■ **REQUIRED ACTION**
Please output the line containing "Rosemary Vanilla Cold" and all lines that follow it in the data below, exactly, with no pictures.

:: RECORDED DATA ::

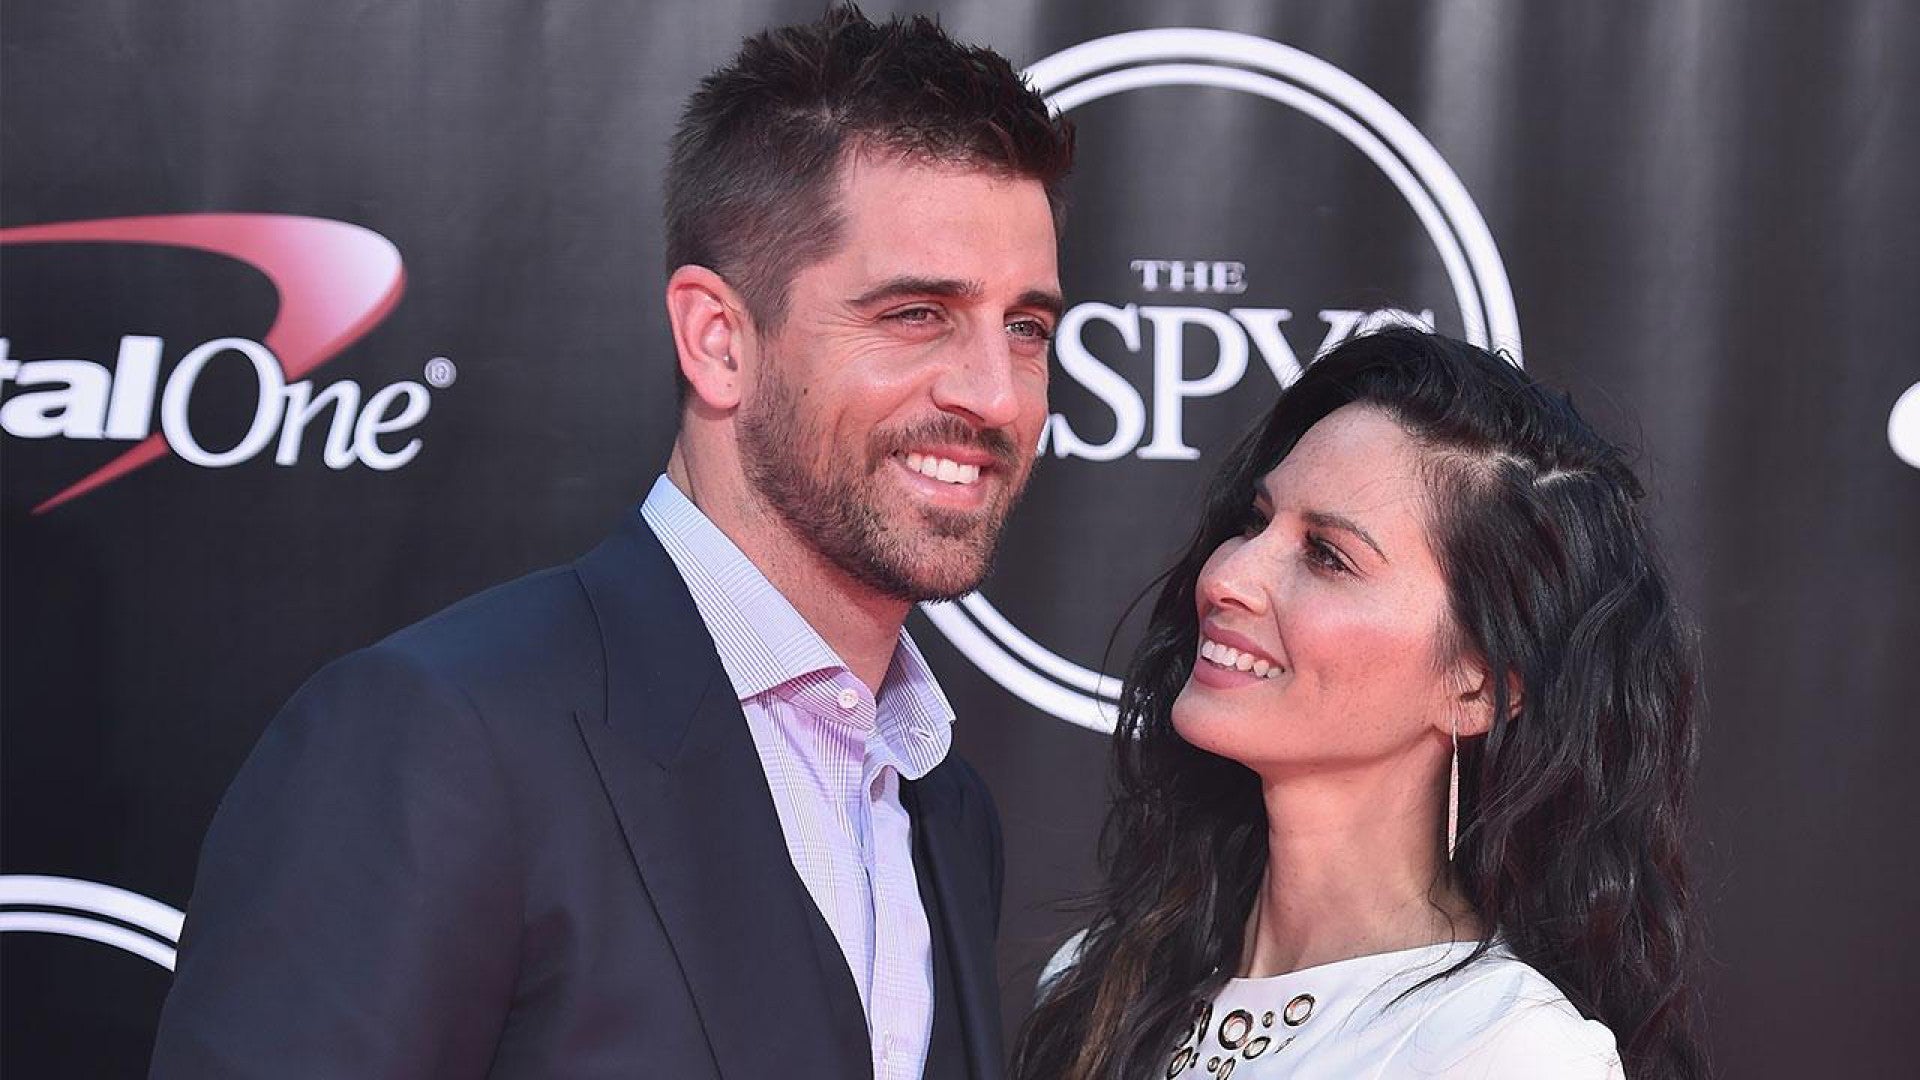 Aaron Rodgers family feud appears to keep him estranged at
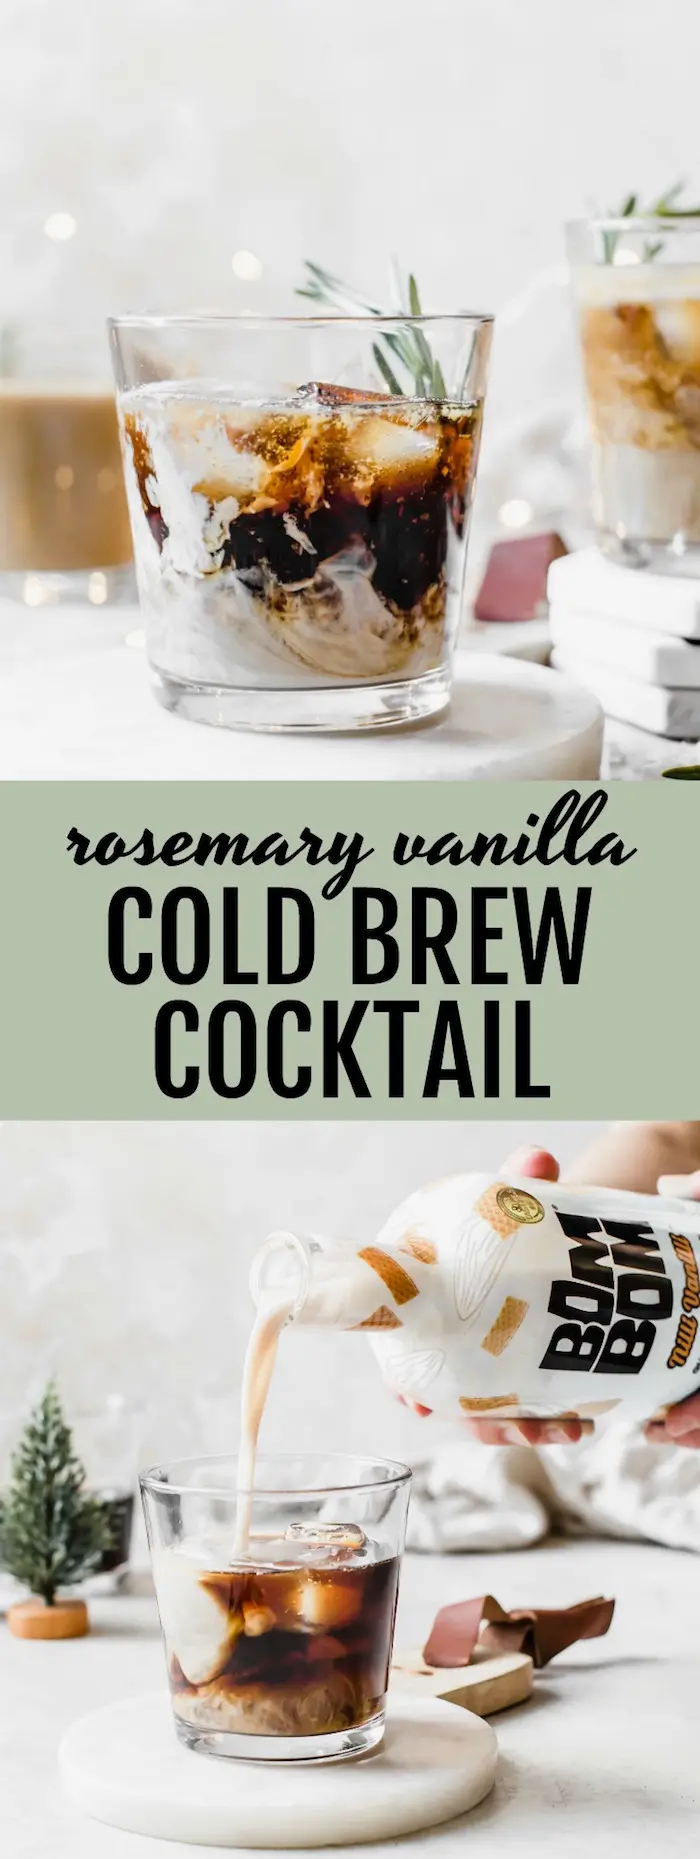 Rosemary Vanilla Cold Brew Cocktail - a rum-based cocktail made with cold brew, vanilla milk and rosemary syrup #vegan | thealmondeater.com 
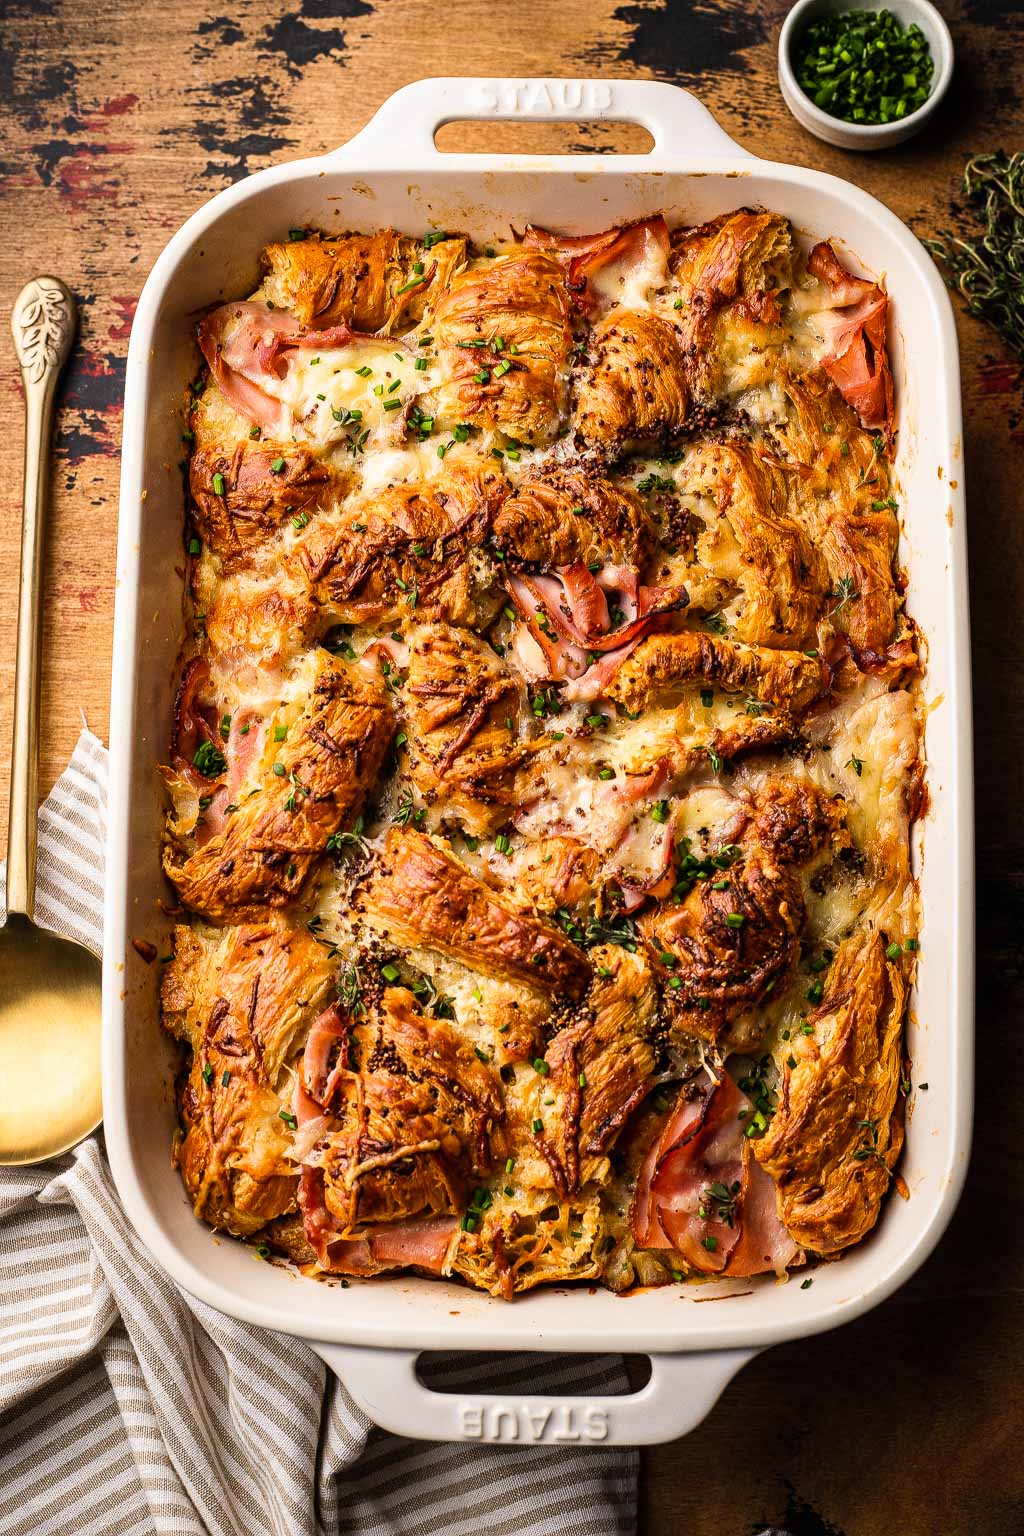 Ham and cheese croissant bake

:::

■ **RESULT OF THIS TASK**
 Rosemary Vanilla Cold Brew Cocktail - a rum-based cocktail made with cold brew, vanilla milk and rosemary syrup #vegan | thealmondeater.com 
 Ham and cheese croissant bake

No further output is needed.